Homes for the Holidays
MONDAY WAS MOVE-IN day at the Archdale, a first-of-its-kind apartment building in downtown Minneapolis devoted entirely to homeless kids--some now scattered at city shelters as winter comes on, some out on the street. All morning, folks unloaded donated mattresses and lamps, kitchen utensils and TVs from a fleet of delivery vans backed up and idling in the snow.
Somebody had taped a "wet paint" sign to the front door, and the smell of floor wax and sawdust hung in the main corridor. After months of planning and prep work, the Archdale's new decor--a mix of brilliant purples and golds--looked like a '30s era film set, something designed with deco in mind rather than the institutional drab of a typical bed-for-the-night urban shelter. "Living here'd be almost glamorous," Jermaine Prince, who'd stopped in to apply for a lease, said to nobody in particular. "Sure hope I get in, 'cause it's cold outside."
Getting in won't be all that easy. On a tour of the building's 26 studio and four one-bedroom apartments, program supervisor Thomas Adams laid out the ground rules: no drugs or alcohol on site, no tagging the walls, no overnight guests, no weapons, rent paid on time, and a steady job that brings in at least $540 a month. For those who get in, the facility will feature a round-the-clock support staff, help with résumés and tutoring, Internet access, hot showers, holiday parties, and the close company of other kids. With (by a low-end count) over 500 teenagers lacking reliable housing in the metro area, Adams says the rehabbed brownstone is one cure--and likely the model for more--for a growing blind spot in urban policy.
The Archdale began as a brainchild of the Central Community Housing Trust, which in the past decade has arranged apartments for well over 700 low-income and homeless adults. Cecile Bedore of CCHT recalls that in 1991, a local physician who'd been treating several HIV-positive kids found that most were homeless--that landlords wouldn't rent to them or, when they would, that rents were too high. He got in touch with CCHT and together they set up scattered-site quarters for about a dozen teenagers. It worked for a while, but not very well: The isolation and the loneliness, Bedore remembers, led most of the kids back to the street with their friends and, in turn, back to risky situations that frequently landed them in trouble with their families or the law.

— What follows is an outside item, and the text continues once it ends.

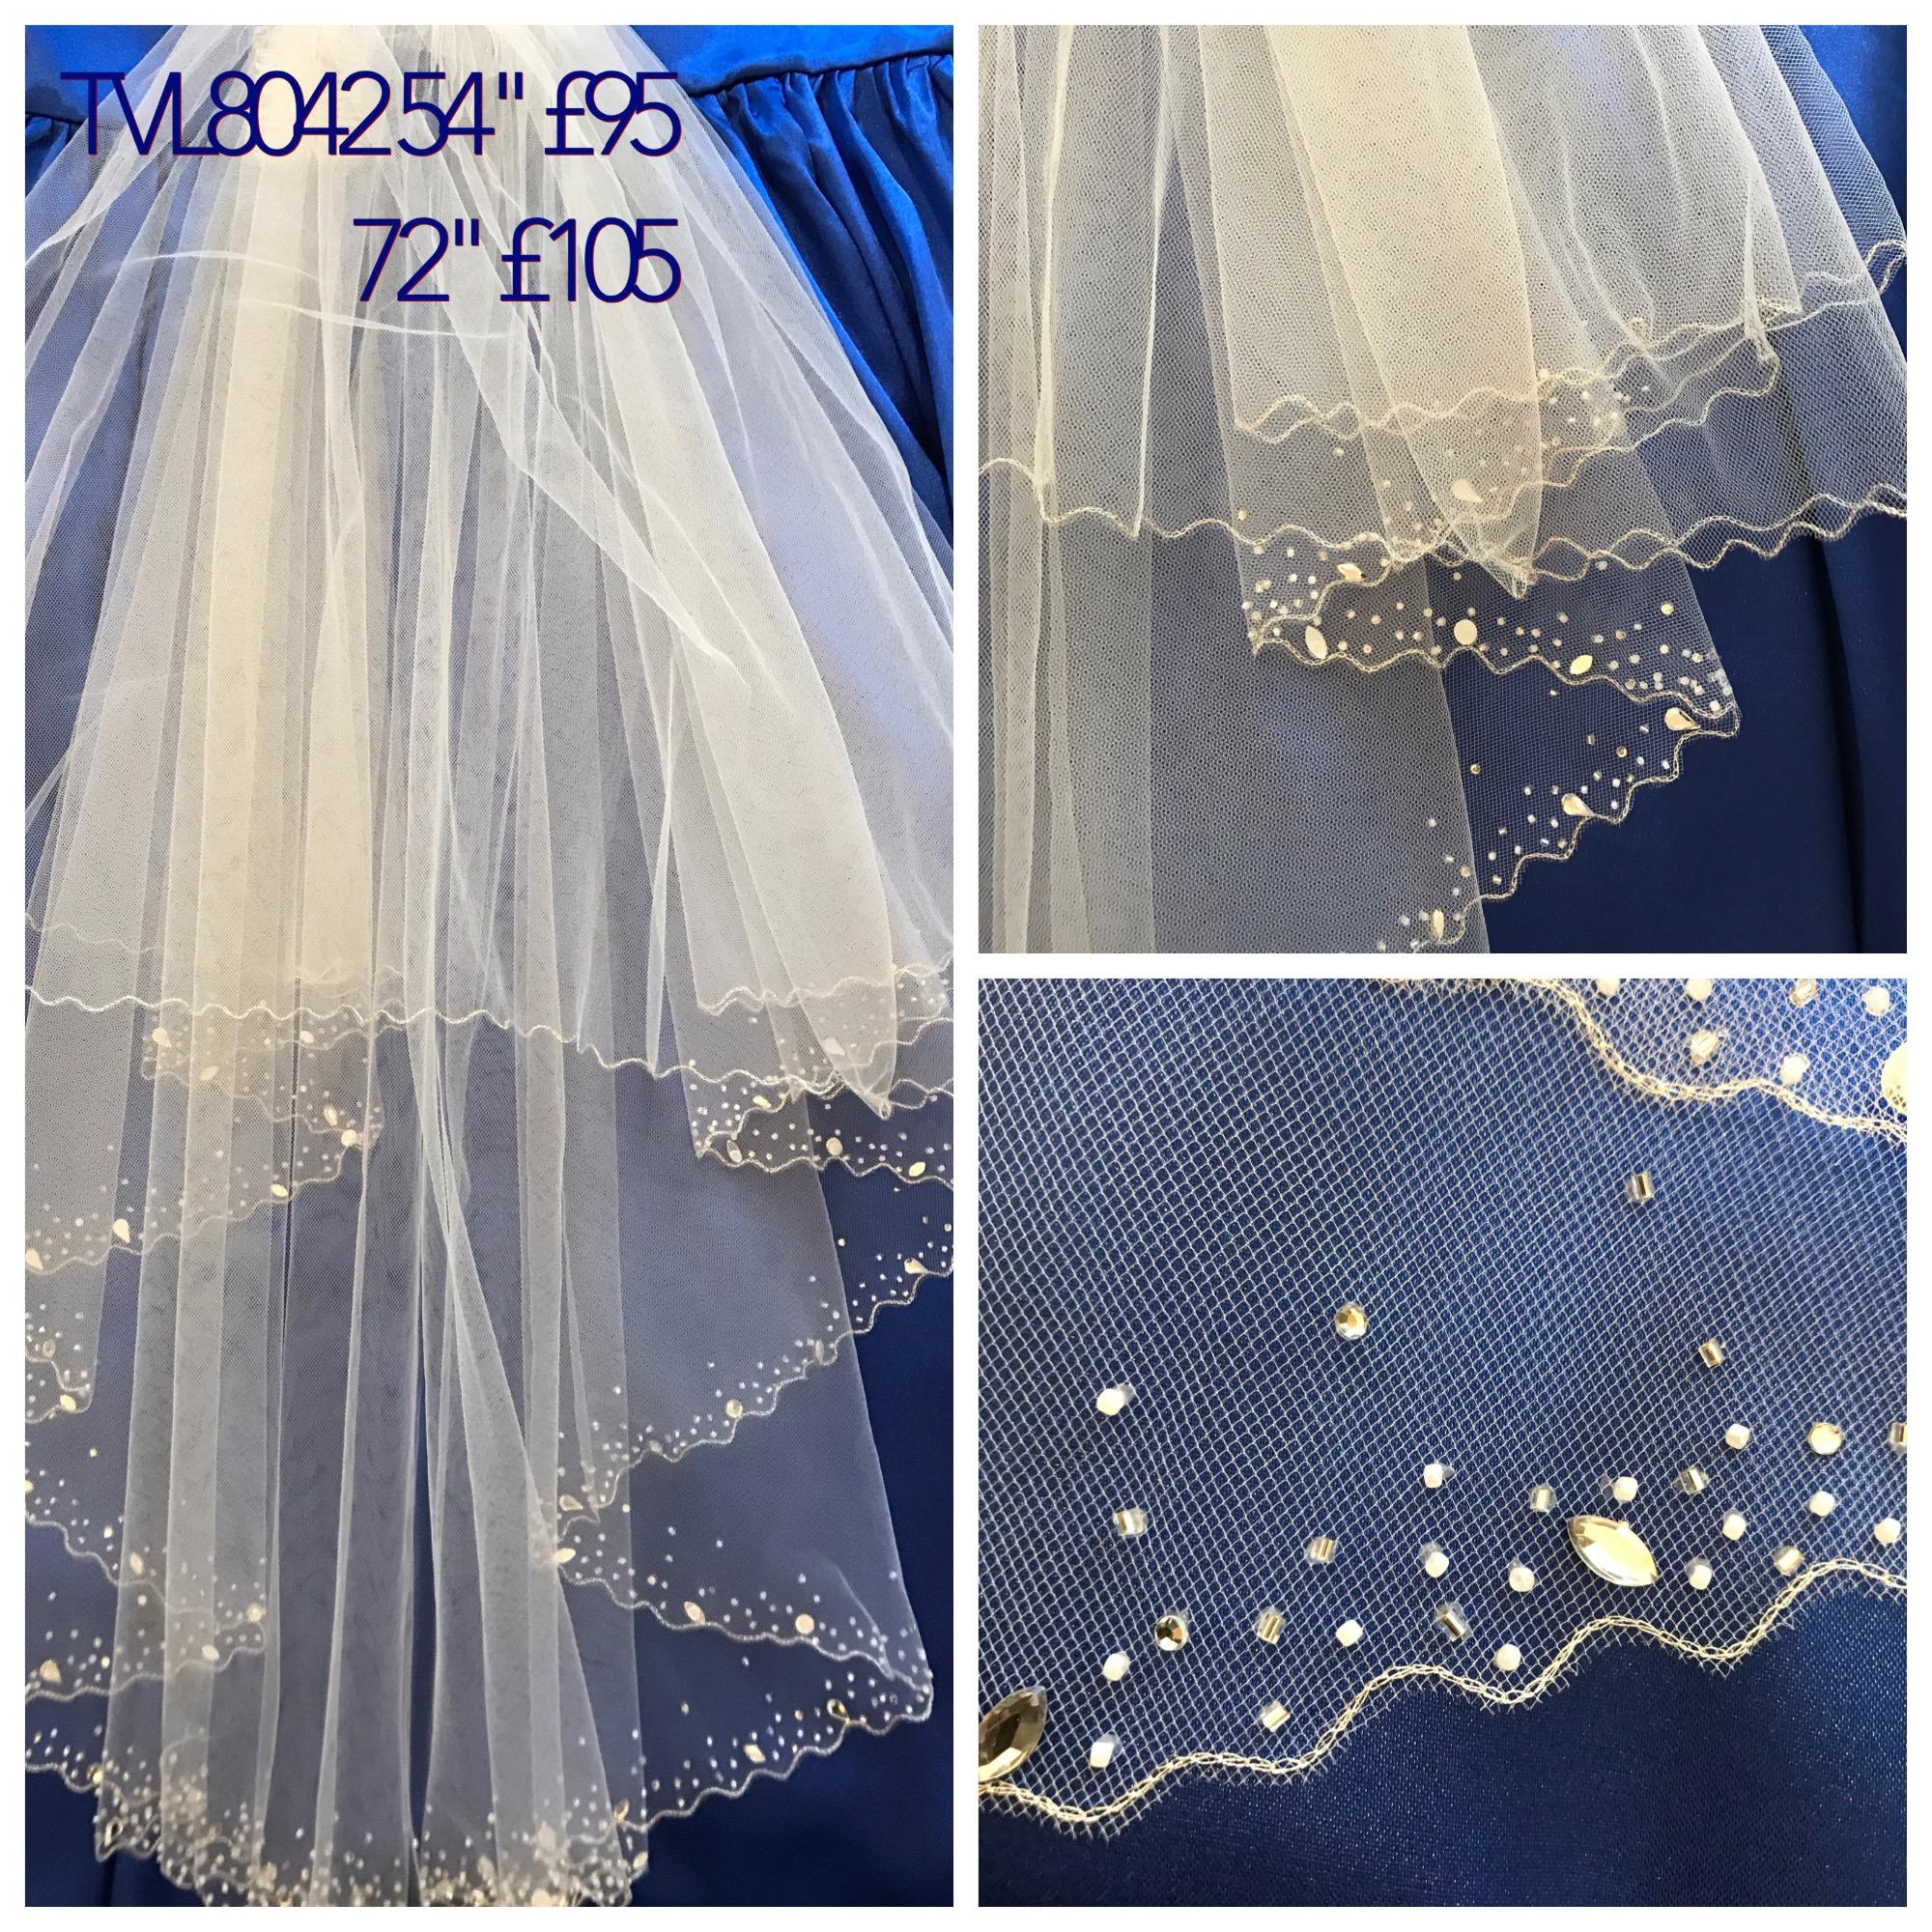 Plus size wedding dresses wedding dress milton keynes uk plus size wedding dresses wedding dress milton keynes uk about a bride plus size ombrellifo Images

CCHT bought the Archdale--a three-story walk-up near the Convention Center--in 1994 and has spent the past several months renovating the place with new fixtures, new furnishings, and a much needed systems overhaul. Start-up costs have run up a $1 million bill, footed in large part by the likes of the McKnight and Bush Foundations, Holiday Companies, HUD, and a slew of county agencies. When CCHT contacted The Bridge, a local kids' advocacy group with a 25-year track record, to supply the building's day-to-day management, the deal got a fast nod. The hope all around is that homeless kids will find in group living what's been missing for them in the past: neighbors, reasonable rules, and the freedom to come and go as they please in their own home.

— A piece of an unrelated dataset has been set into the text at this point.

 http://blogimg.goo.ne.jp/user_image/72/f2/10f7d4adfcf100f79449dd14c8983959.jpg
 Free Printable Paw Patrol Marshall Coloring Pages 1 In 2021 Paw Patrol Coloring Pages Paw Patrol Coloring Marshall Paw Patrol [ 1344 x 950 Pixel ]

"Right now, living with other kids like myself is key," Jermaine Prince said once the tour wound down in the community room on Monday. "I'm 16. I've been staying at temporary shelters, minding my Ps and Qs, working swings at McDonald's, getting money to my baby son, and thinking life's no game anymore. I've been on the street since I was 10--landed in this city when the car died on us. I've been out of school since the fourth grade, my dad's on crack, and I've been shot 17 times. The simple fact is I grew up fast: never had a bike, learned to tie my own shoes, get up on time, survive my own life. I've been staying on the down and low lately, putting the puzzle all together into a picture I can already see in my head." That picture, he added, before heading out into the morning storm, "looks a lot like this place."